Just like with a workout partner, having a dog-training partner can keep you motivated when the going gets tough. “Using the buddy system is a great way to keep yourself accountable for training your dog consistently, which is the key to reaching any training goal,” says Amanda Cornell, CPDT-KA, the owner of Accomplished Canines in Mission Viejo, Calif. and an AKC Canine Good Citizen® Evaluator.

Added Distractions

“Buddy walks are a great way to help your dog learn to work through distractions and remain focused on you when there are other dogs and people close by,” explains Cornell. Don’t worry if your partner’s dog isn’t the same age as yours or if he isn’t learning the same things. “As long as both dogs are comfortable being around each other, the buddy walk will work,” says Cornell. “Sometimes it’s really helpful to walk your new puppy with a more experienced dog that can set an example and ignore some of the ‘puppy antics.’ Walking with another dog of similar age or experience can also be a great way to add distractions to your training.”

Set-Up for Success

Cornell suggests talking to your proposed training partner before starting a buddy walk system to ensure you’re on the same page. “Make sure that you are both clear on your individual training goals, and that your goals will not conflict with each other.

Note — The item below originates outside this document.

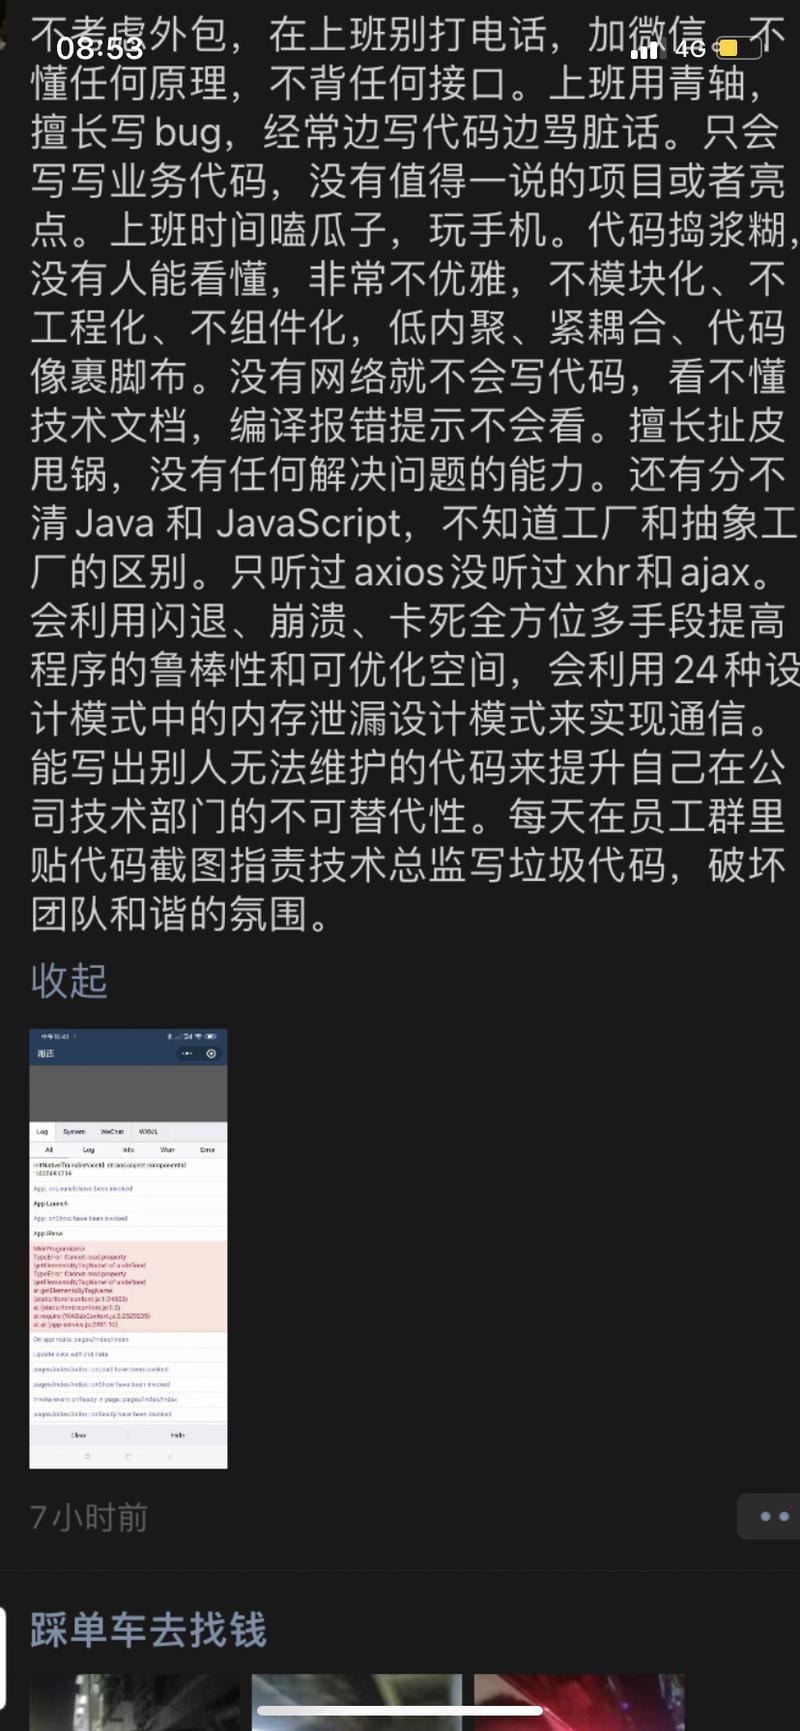 二仙桥大爷于2021-07-16 08:54发布的图片

If you’re trying to work on calm, focused walks with your dog, while your walking partner is letting her dog zigzag all over the trail, you may be setting yourself and your dog up for some frustration,” she adds. “If you’re new to buddy walks, try to find a place to walk that has more space, so that you can increase the distance between the dogs initially if they are too distracted by each other.”

It’s important to remember that some pups are solo artists and don’t do well around other people or dogs. For canines with fear or aggression issues, a buddy walk could make things worse. In these cases, it’s best to consult a professional trainer. But for a lot of dogs, buddy walks are a great way to up your training game and help with socialization.